FARMIGA: I’ll get some tips after this. But I think for me, why I was drawn to the piece is, at the core of the story, it’s a love story to me — between Ed and Lorraine, between these two families who are asking for help and us who are in the business of giving help. I just wanted to make sure that yes, that those horror — they worked as a genre. To me, I just wanted to be touched by the film in the way that I saw plausible. Which is the story about compassion — giving and receiving it in those desperate times of need. I just want to make sure that the thing that I see in it initially, that I think it can be, is not just going to be a horror film and reduced to a jump here and a scream there. But that you can take something away from it.
The extra mother-daughter theme is very powerful too. It all comes down to that, these two mothers and their daughters.
FARMIGA: Absolutely. It’s thematic in my career, if you look at most of my choices. It is some level of exploration of maternal angst and maternal heroism.
Lorraine, in your opinion, what do you think of all your cases would make the best follow-up?
WARREN: Wow, that’s a hard one. I have pondered over that many, many times. Because with research in all countries, I think maybe something from England would be very, very good.
FARMIGA: Anything in like Hawaii or Tahiti?
WARREN: No, no, no but — I guess it’s because I’m psychic but when we were in Japan and we were investigating hauntings, my husband’s health was very bad. I really didn’t know how bad it was until we got home. He would stay in the hotel and I would go with these Japanese people to these hauntings that were going on and — don’t ask me how I do it because I don’t know, I don’t have the answers — I could communicate. I don’t speak the language.
Did you have a translator?
WARREN: No, I don’t know. No, I did not have anybody. Even Ed would say to me, “I don’t know how you were able to do that.” And, “Oh yes, I know how you were able to do it.” Then, he’d say something like that.
Lorraine, do you consider your gift a curse or a blessing?
WARREN: Well, I was afraid of it. You have to realize how young I was when it started to happen. I couldn’t talk to anybody about it. You don’t think I could talk to my parents, you don’t think I could talk to these nuns about it. And I just started and I would keep it to myself. It kept me grounded, I wasn’t really that torn by it. But when I began to see auras around people, that is beautiful. Because, you can look at people but I can look further, and I love that. I love to be able to do it. I don’t want to invade people’s privacy though. I can see people and think, “Wow. What a beautiful person that is.” And the person might not be beautiful or handsome but they are.

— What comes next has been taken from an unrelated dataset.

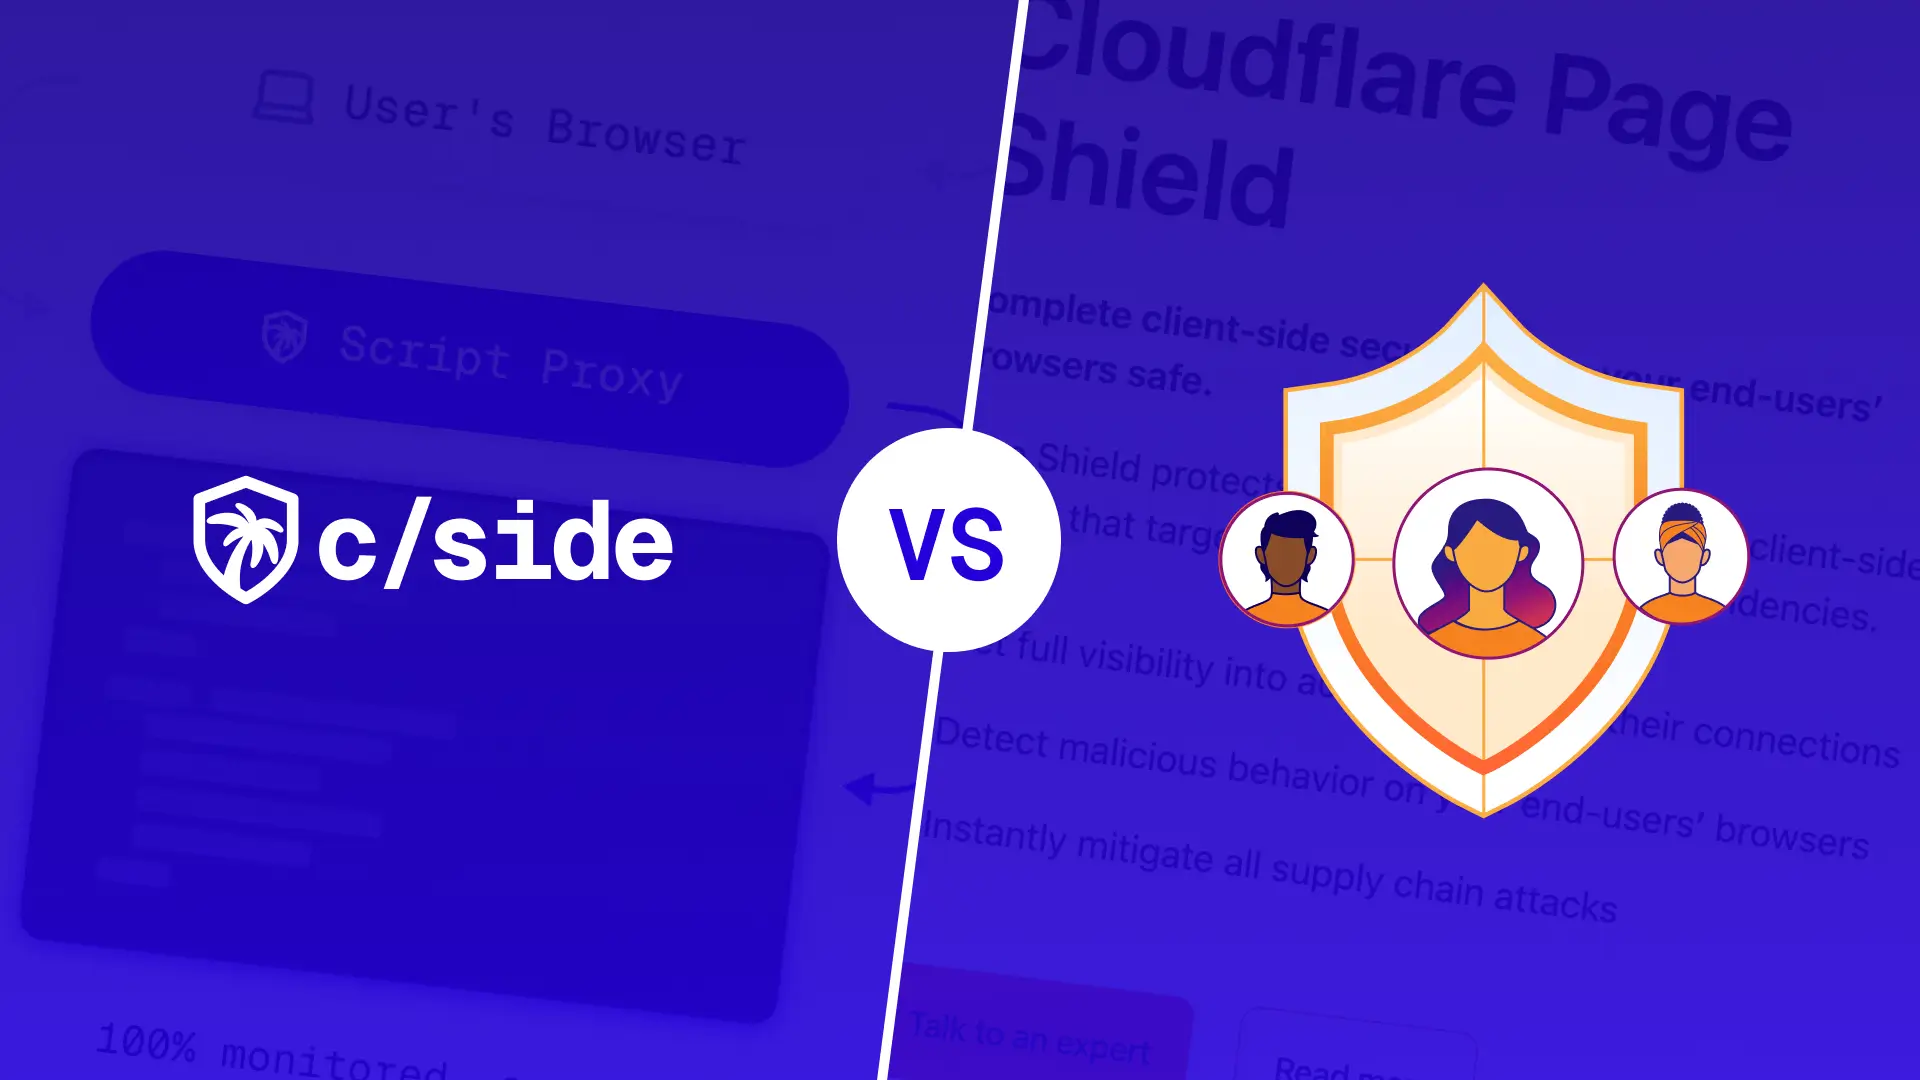 The logo of c/side and the logo of Cloudflare Page Shield

FARMIGA: Yeah, I think it’s like any God-given gift. You writers have the gift of perception. If you don’t use it, you’re going to lose it. And it’s the same thing with you [Lorraine], it’s God-given.
WARREN: I couldn’t talk to anybody about it, I really could not talk to anybody. Then, I meet my husband, my dear husband, and he said, “What are you talking about?” I’ll shut up, I’ll shut up–
FARMIGA: They were young, when they met.
WARREN: Yeah, we were very young when we met.

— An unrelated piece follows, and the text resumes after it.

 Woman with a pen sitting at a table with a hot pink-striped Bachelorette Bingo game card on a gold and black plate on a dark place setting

But you could talk to him about it right away, when you met him?
WARREN: I tried, I tried but I didn’t feel I was understood. But I knew when I met him that day — he was in the colonial theatre on the Boston Post Road in Bridgeport — and he was dressed so well, he smelled so good.

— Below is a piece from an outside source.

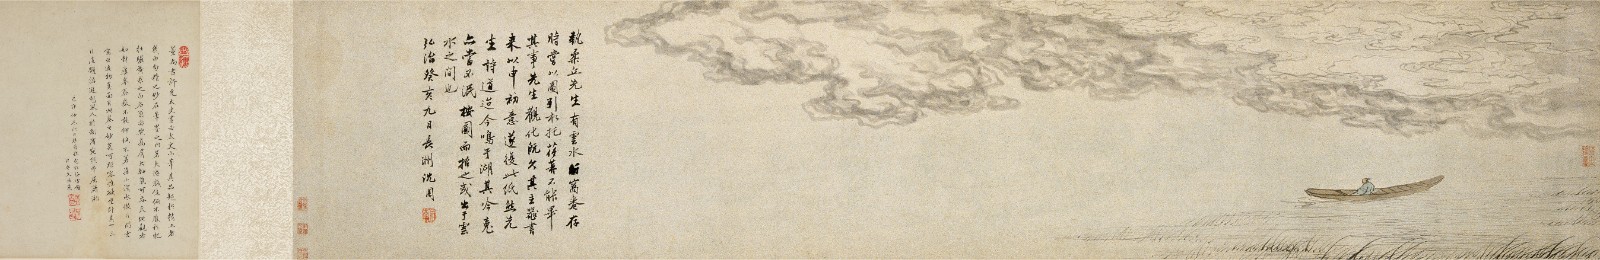 Shen Zhou, A Residence Between Clouds and Waters, Ink and color on paper, 1503, 164×33cm, Collection of CAFAM

FARMIGA: What did he smell like?
WARREN: He smelled like sea water.
FARMIGA: Sea water because of the ocean.
FARMIGA: I’ll make Patrick — I’ll buy him some sort of salty cologne.
Vera, between this movie and the TV series, do you have any new thoughts about the nature of evil?
FARMIGA: The nature of evil–
WARREN: That’s deep, that’s very deep.
FARMIGA: That’s a good question. The nature of evil, the nature of it, it exists. It exists and I think within us we have the tools. If we have the will, we can combat it. I think the power is within us and it lies in our own conceptualization of God and positivity and compassion and love.
WARREN: It does, it does. That is very good, honey.
Thank you very much.
FARMIGA: Thank you.
WARREN: Thank you, guys.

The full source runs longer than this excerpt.